To achieve one of these goals you have to separate them because it is almost impossible to achieve both together.
I usually recommend making an effort to get the other party to agree with us, and there are techniques of argument and the art of selling to do this. But in the current situation it is impossible to use them, because everyone is so charged that an honest intention to convince quickly turns into righteous frustration - and I won't pretend that it doesn't happen.
Arguing about feelings - the theory
To release frustration you need to talk about feelings and not about politics. Instead of saying 'how can you attack Israel when Hamas has been shooting at civilians for ten years' (and receiving an answer of 'because we killed more civilians in one day than they have killed in all the years', then answering and then receiving an answer and so on) - it is better to say "I had It would be much easier to convince you if I felt that you also understand the residents of Sderot and not just the Palestinian citizens" or 'I have been anxious for several years about what is happening in the south, and I would feel easier to look at the harm to their citizens if I were convinced that you care about our citizens."
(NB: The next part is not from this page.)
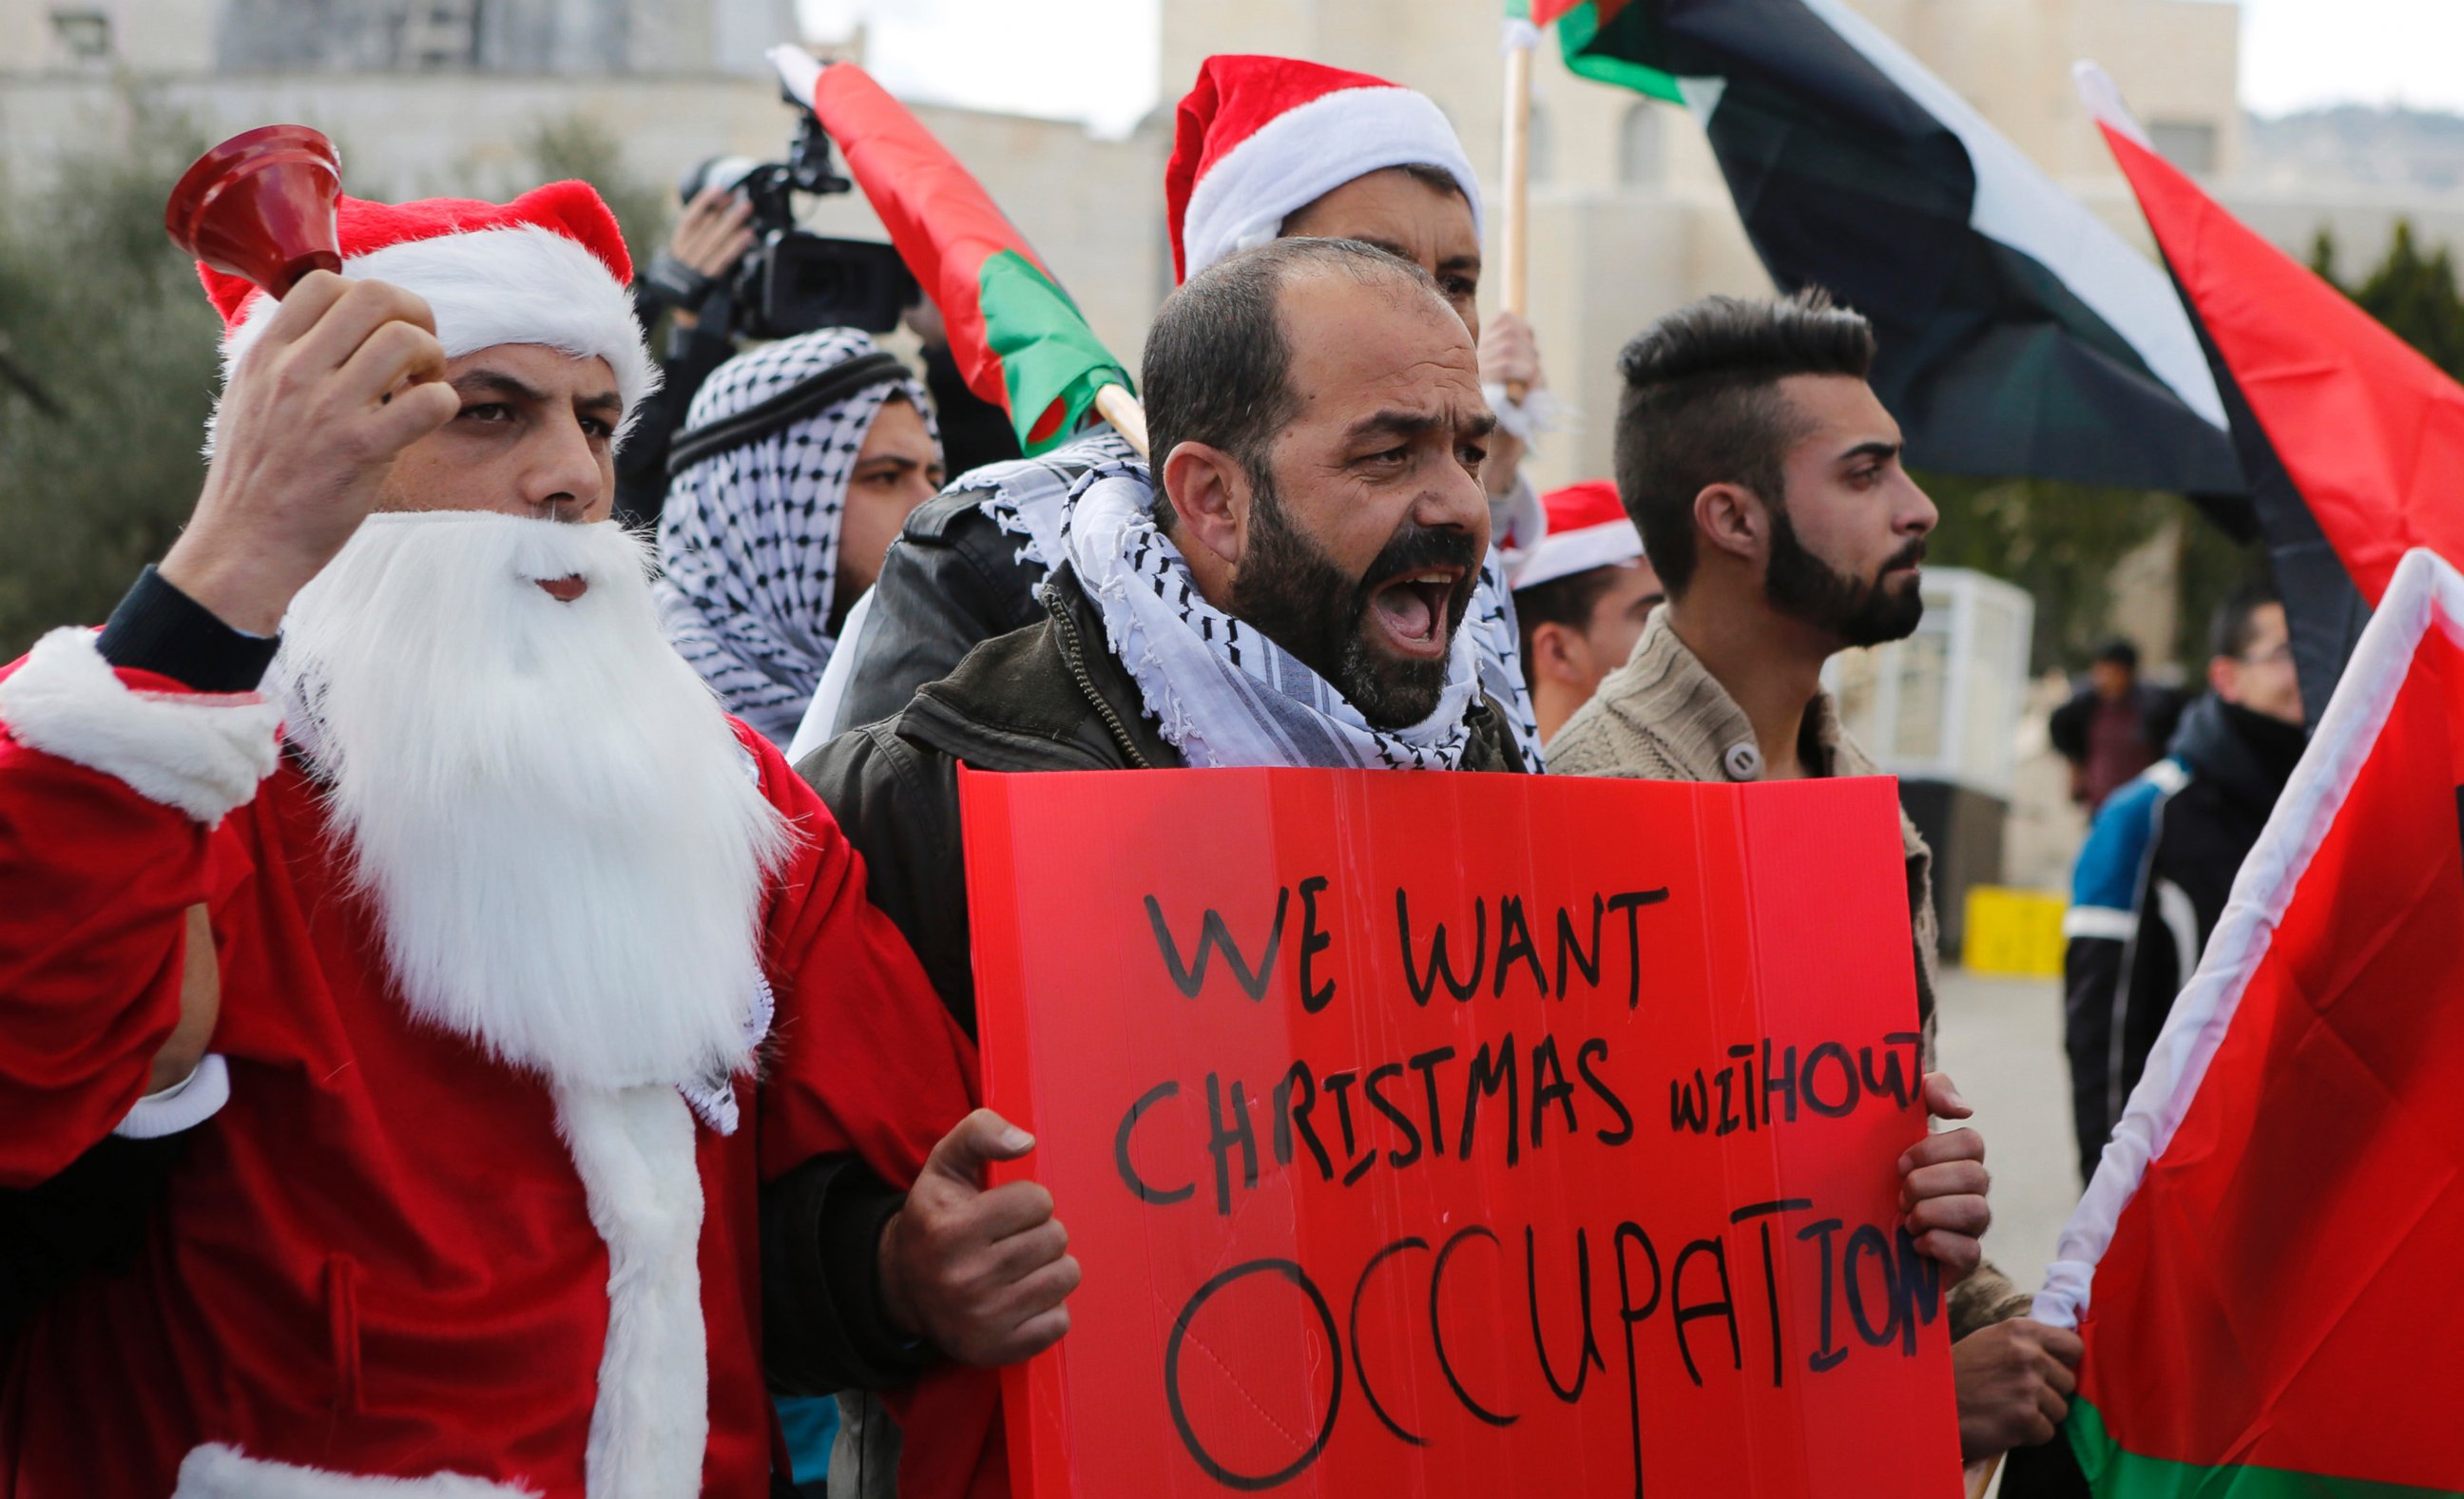 PHOTO: A Palestinian protestors demonstrate against Israeli settlements during Christmas, near a checkpoint in the West Bank city of Bethlehem, Dec. 23, 2014. 
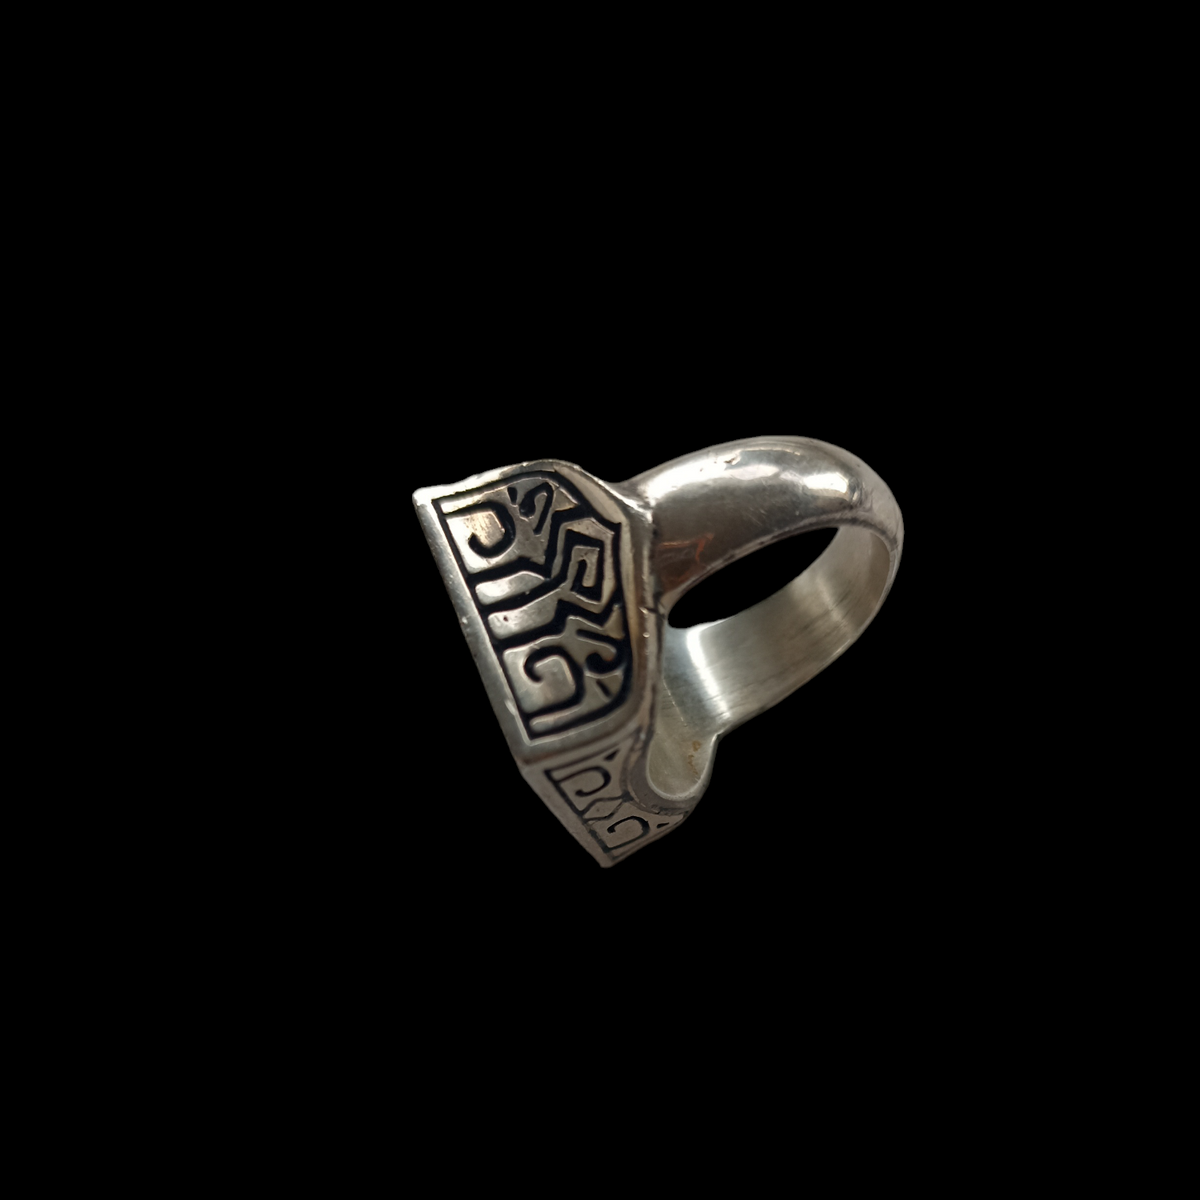 Handcrafted ring from Iran

What does it accomplish? This allows the other party to agree with you without giving up their positions. He does not agree with you that the Palestinians are dangerous or that they are guilty - he agrees with you that you feel bad.
And on days like this that is also something.
Here are some sentence suggestions
left:
- Instead of "we kill innocent citizens" - it is better "my heart hurts for innocent citizens who are killed"
- Instead: "The IDF commits war crimes" - better "Sometimes I feel that the IDF doesn't really care about international law"
right:
- Instead: "They get what they deserve" - better "I feel that hurting someone who hurts us is doing justice"
- Instead: "You have to enter their mother's mother" - better "I will feel calmer if I am in Hamas."Know what happens to those who try to harm us"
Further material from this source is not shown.